- What is needed
Reproduce word for word every line from the one containing "Kangol mens short" to the final line of the data below; omit the pictures.
** Opening Input data block **
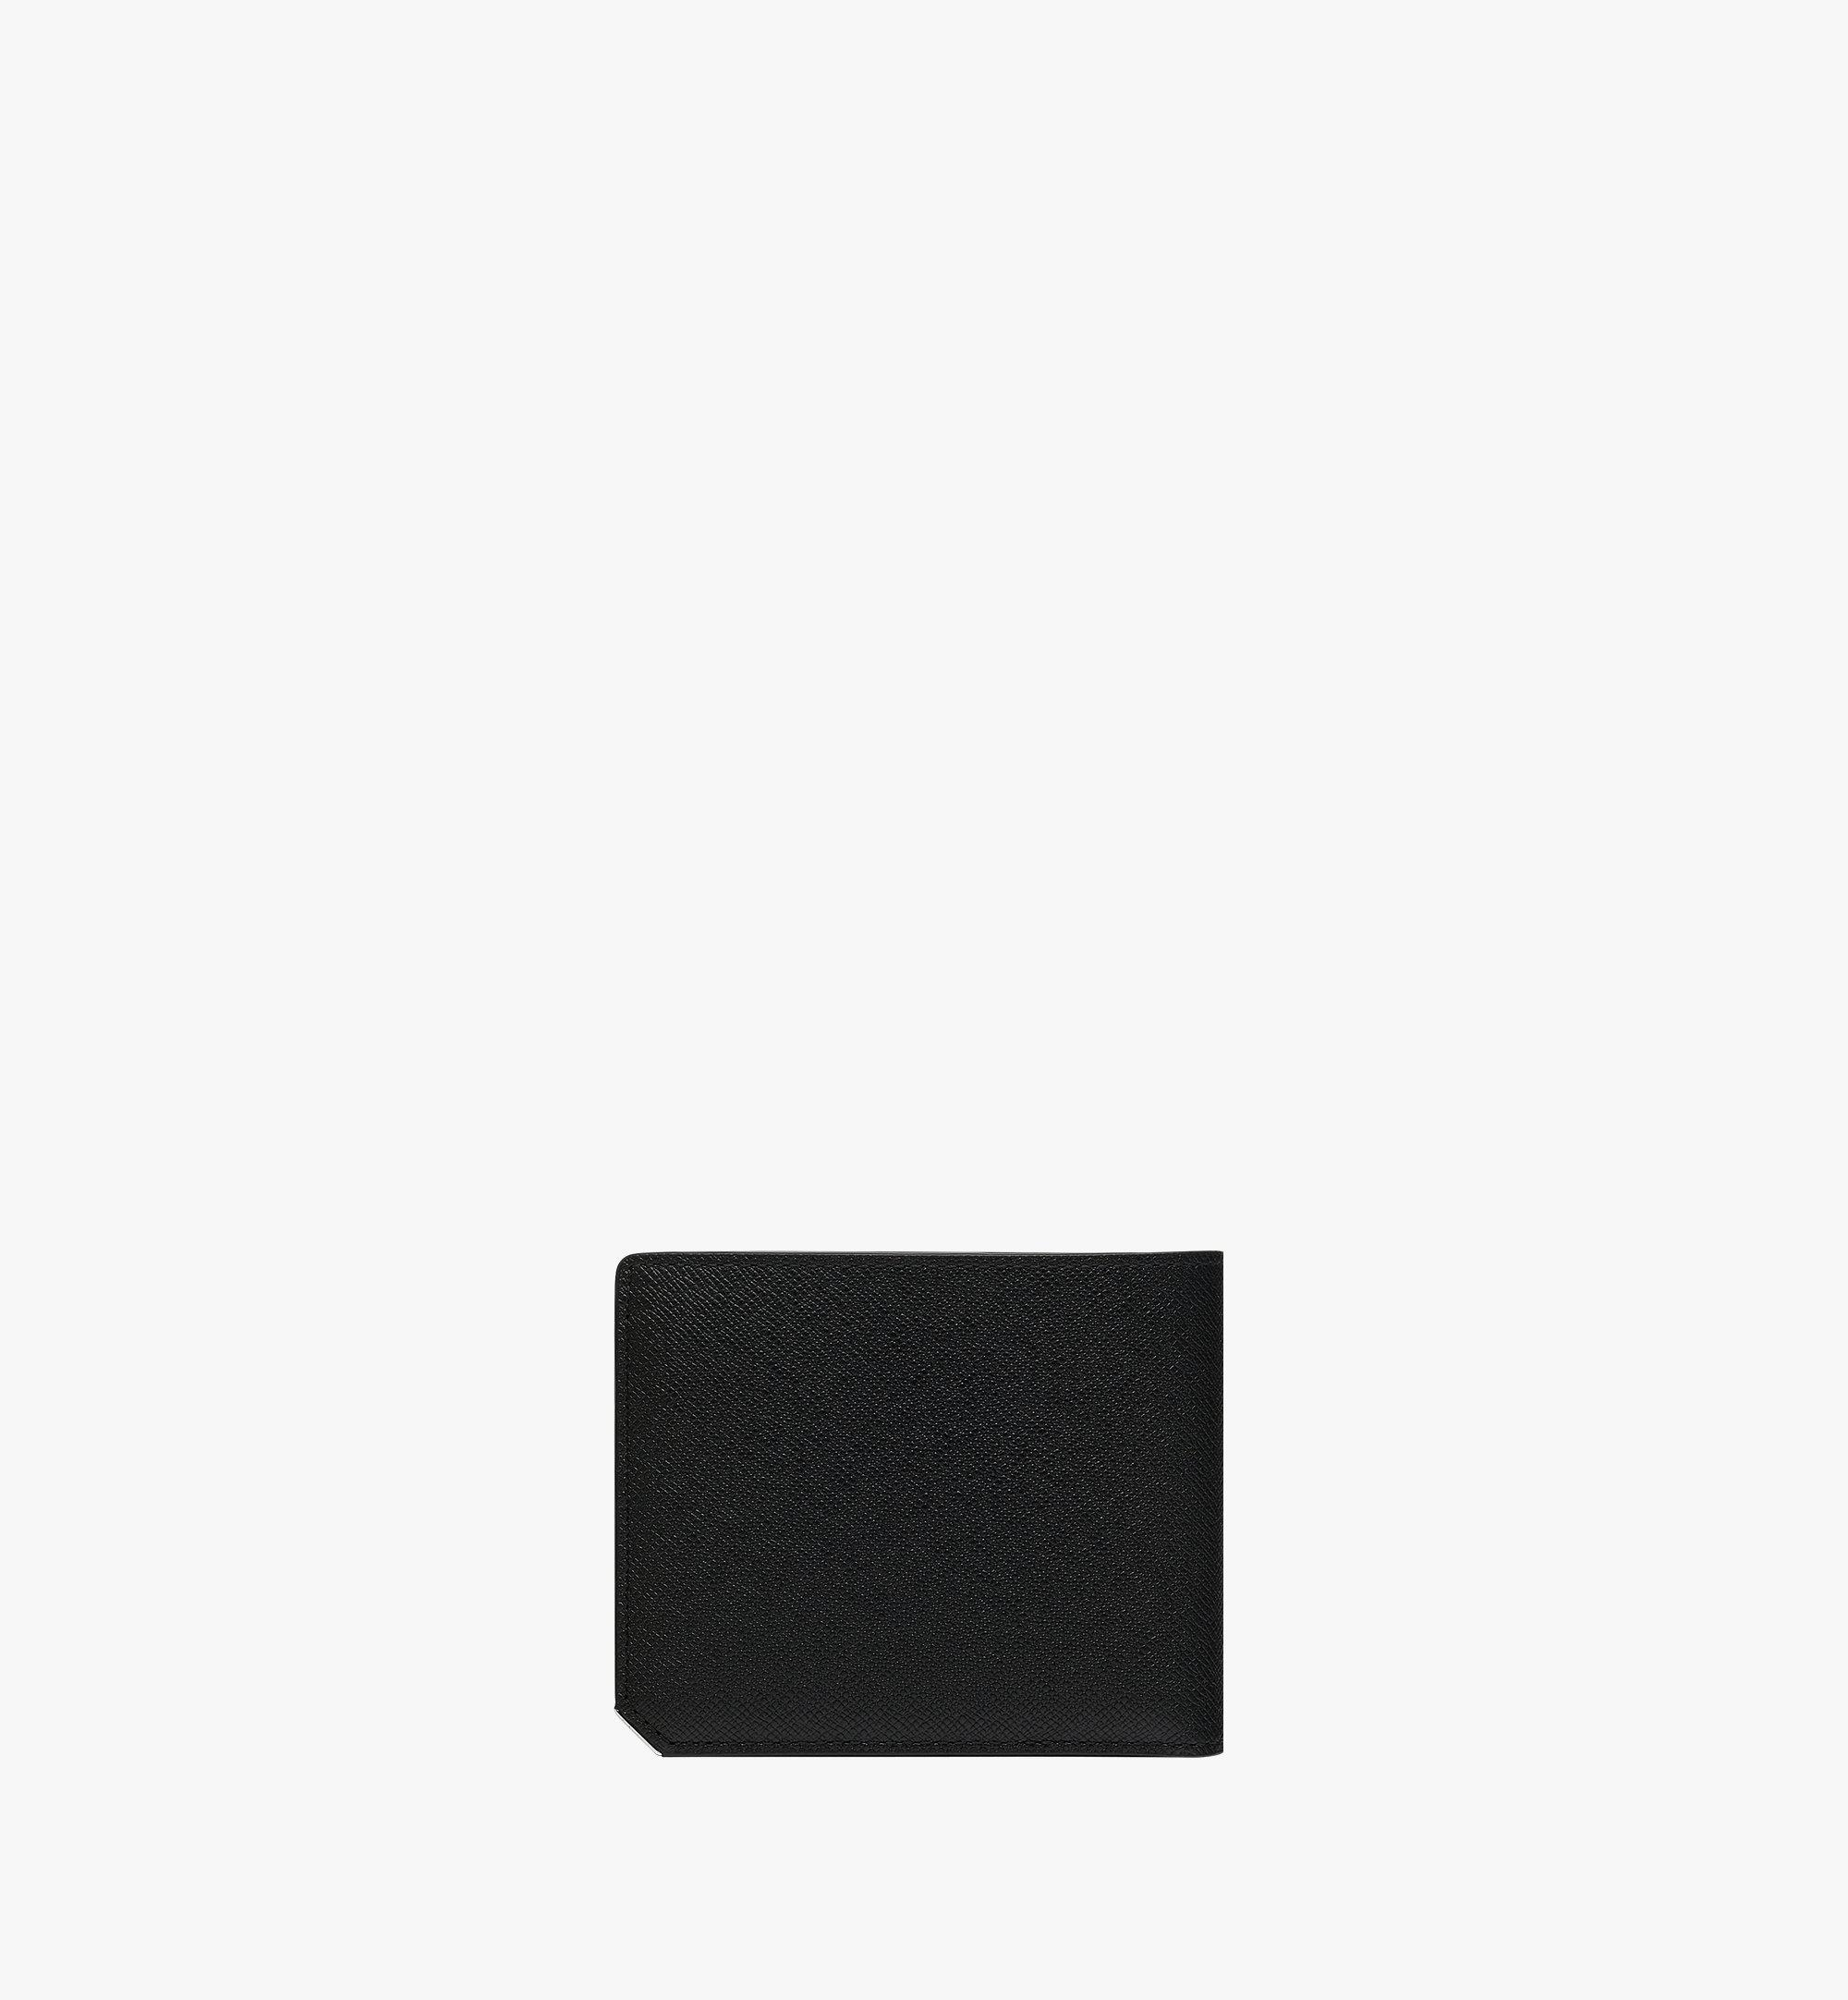 MCM 뉴브릭 엠보싱 레더 카드케이스 2단 지갑 Black MXS8ALL52BK001 Alternate View 3
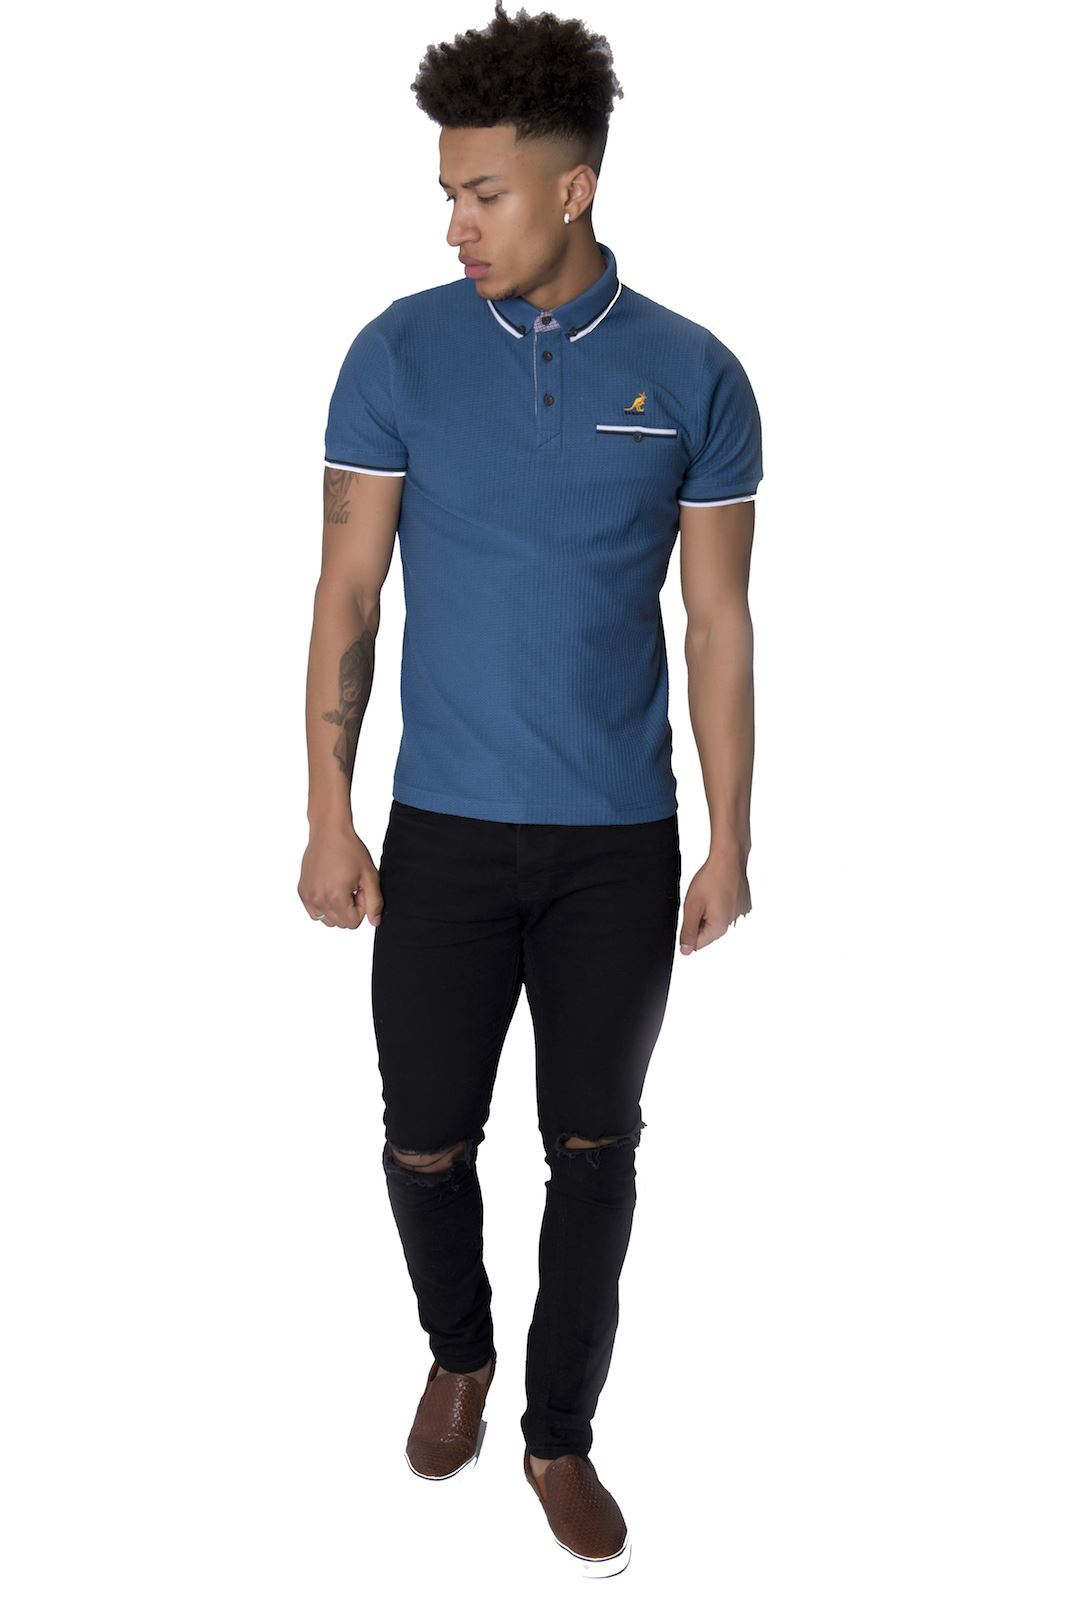 Kangol mens short sleeve button down collared cotton polo for Best short sleeve button down shirts reddit
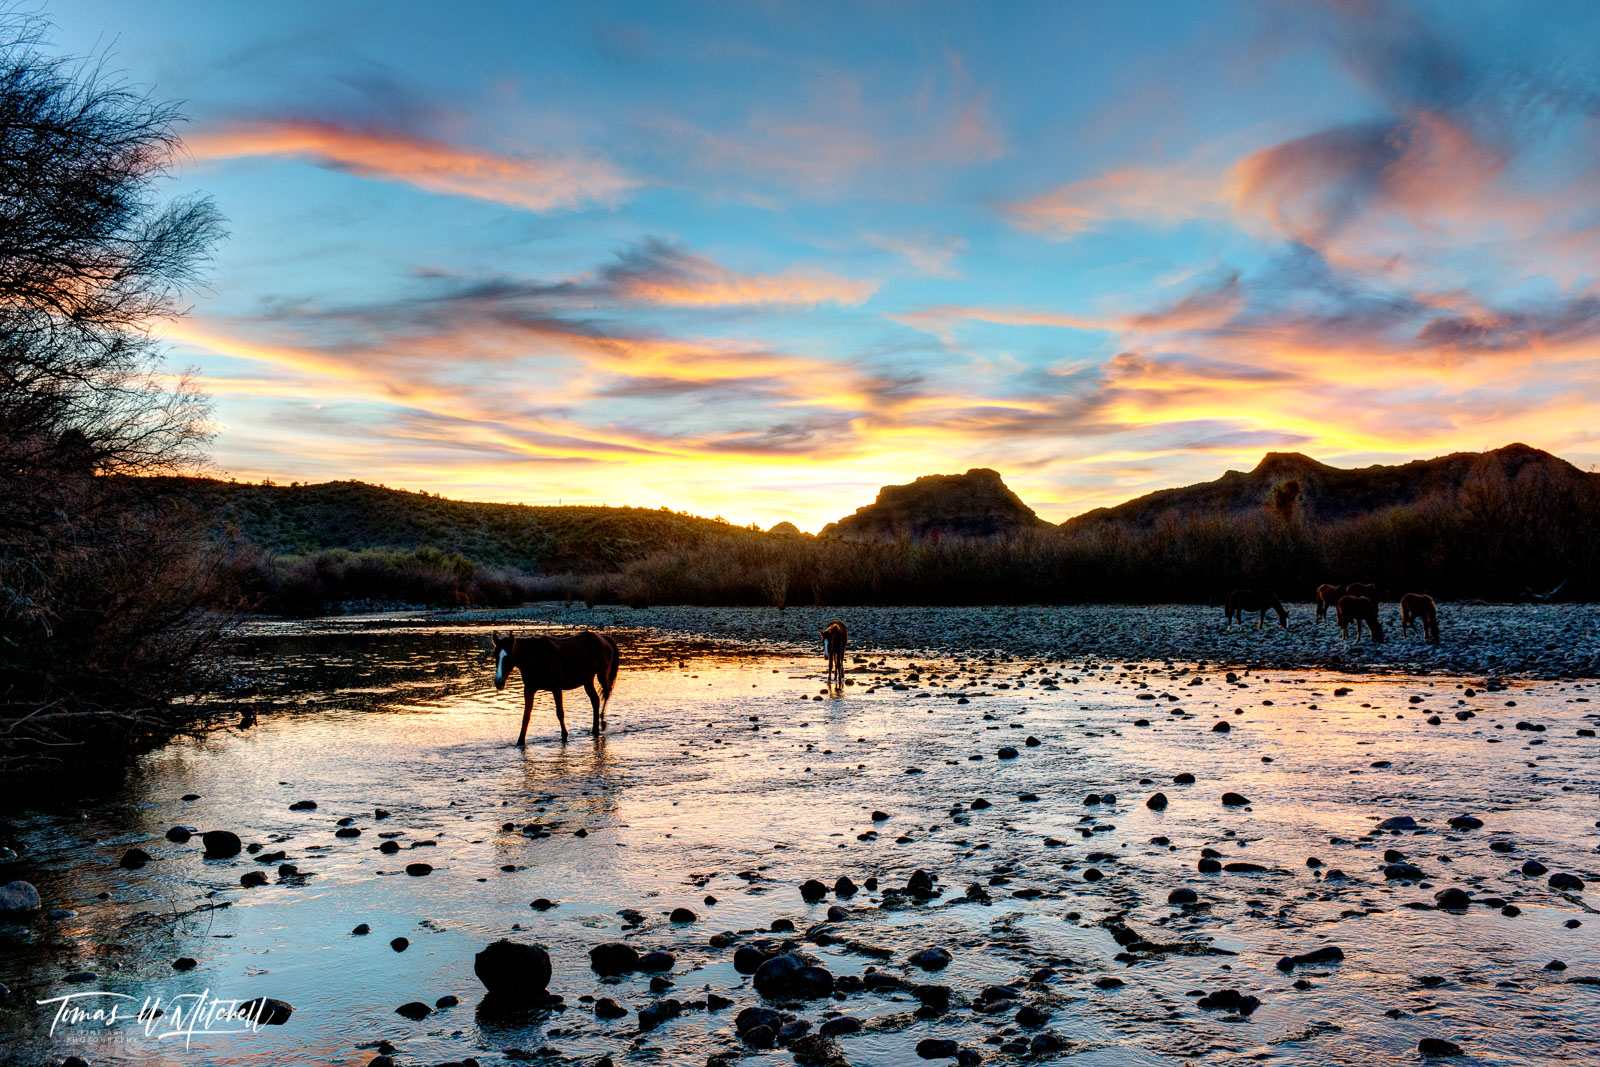 limited edition, fine art, prints, salt river, arizona, sunset, horses, photograph, , photo
** Closing Input data block **
- Reply to the exercise
 Kangol mens short sleeve button down collared cotton polo for Best short sleeve button down shirts reddit
 limited edition, fine art, prints, salt river, arizona, sunset, horses, photograph, , photo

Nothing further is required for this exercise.